I really like that statue. I can see how some might dislike it; in theory, I wouldn't like it. But I like Jesus. If he were on the cross, I would hate the statue. But him just standing there, a personified benediction, I like. Touching him is, according to the article, a good luck charm.
The on-the-cross element, the dying for our sins, isn't the point to me. Martyrdom is interesting but only in what it reveals about the martyr. The life is where it's at. Jesus wanted people to accept each other, love each other. He wanted people to be righteous and good. He wanted people to question and fight the corrupt.

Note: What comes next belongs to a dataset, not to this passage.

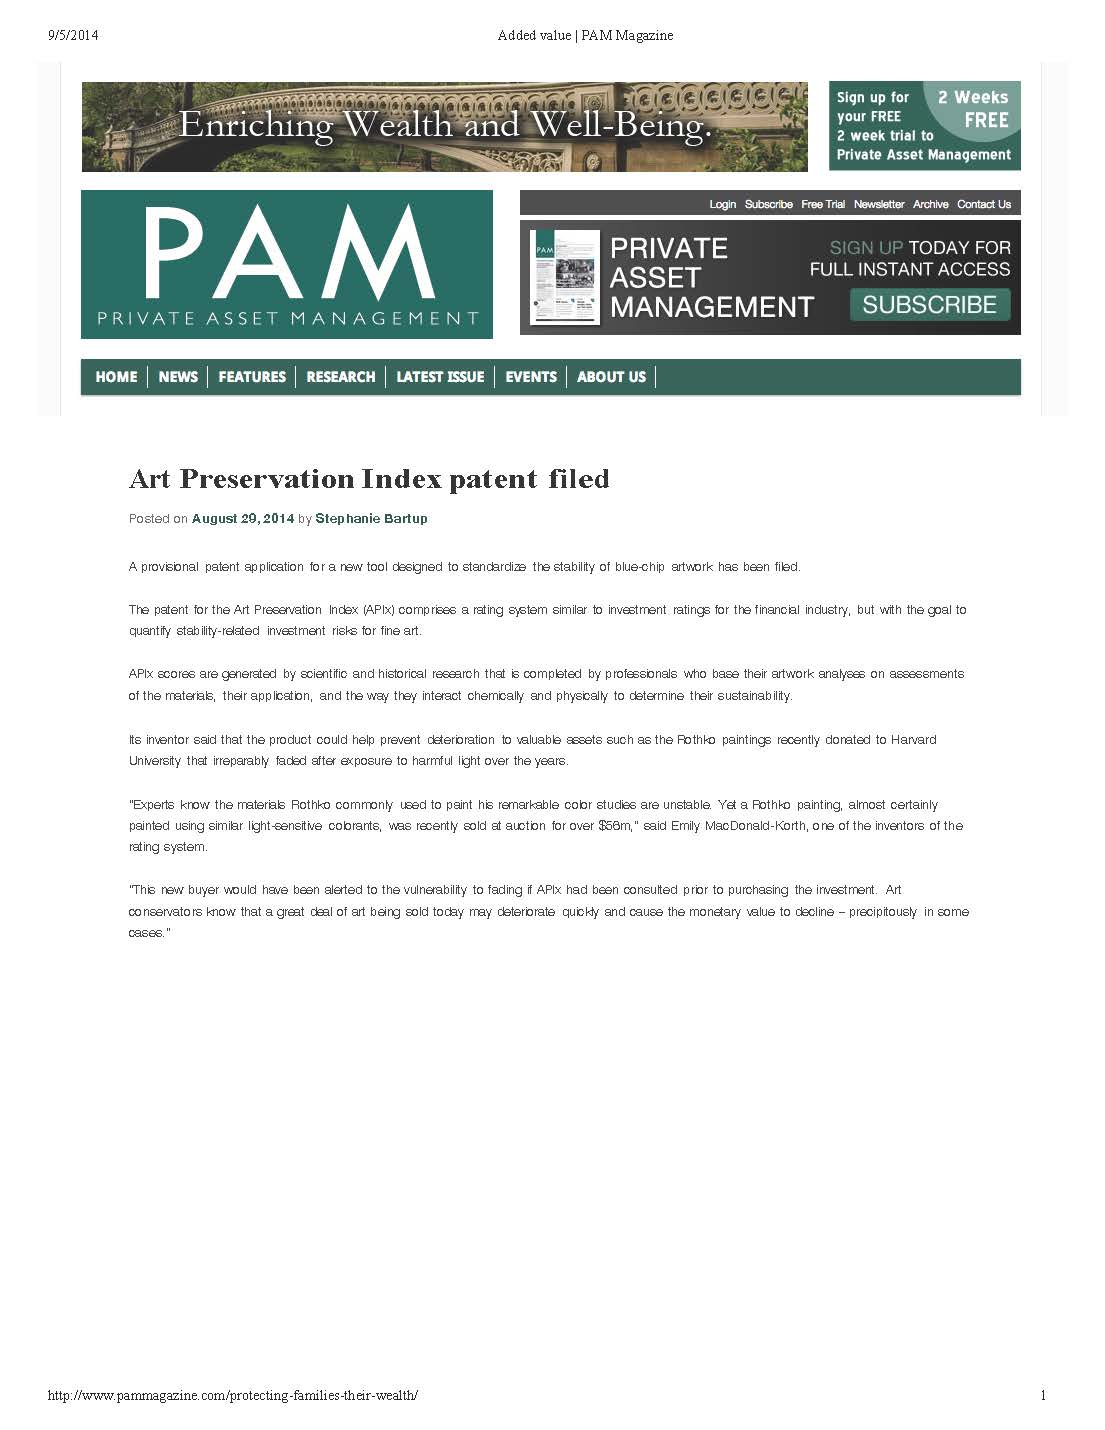 Private Asset Management Magazine

That's why I have no use for Mel Gibson or his stupid fucking movie. I don't need to feel guilty because Jesus suffered excruciating pain, and I don't need to see him in pain to appreciate what he did for people. I don't need to be scared or chastened into digging Jesus.
And the god element doesn't interest me. There might be a god, I don't know for sure. But I do know that the god people talk about is a projection. Those who believe god is cruel and unforgiving and intolerant are cruel and unforgiving and intolerant themselves. Those who believe god is loving and forgiving are that way themselves. Okay, there are some rat bastards who prefer to believe god is loving and forgiving, but that perception is still a projection.
The Johns Hopkins Jesus is meaty. He resembles, as I suggested before, a Greek god more than anything. He has thick wrists, ankles. He appears strong but gentle. There's comfort in that.
I really like that statue. I asked my mother if I'd ever seen it before. "Yes," she said. "You touched his toe."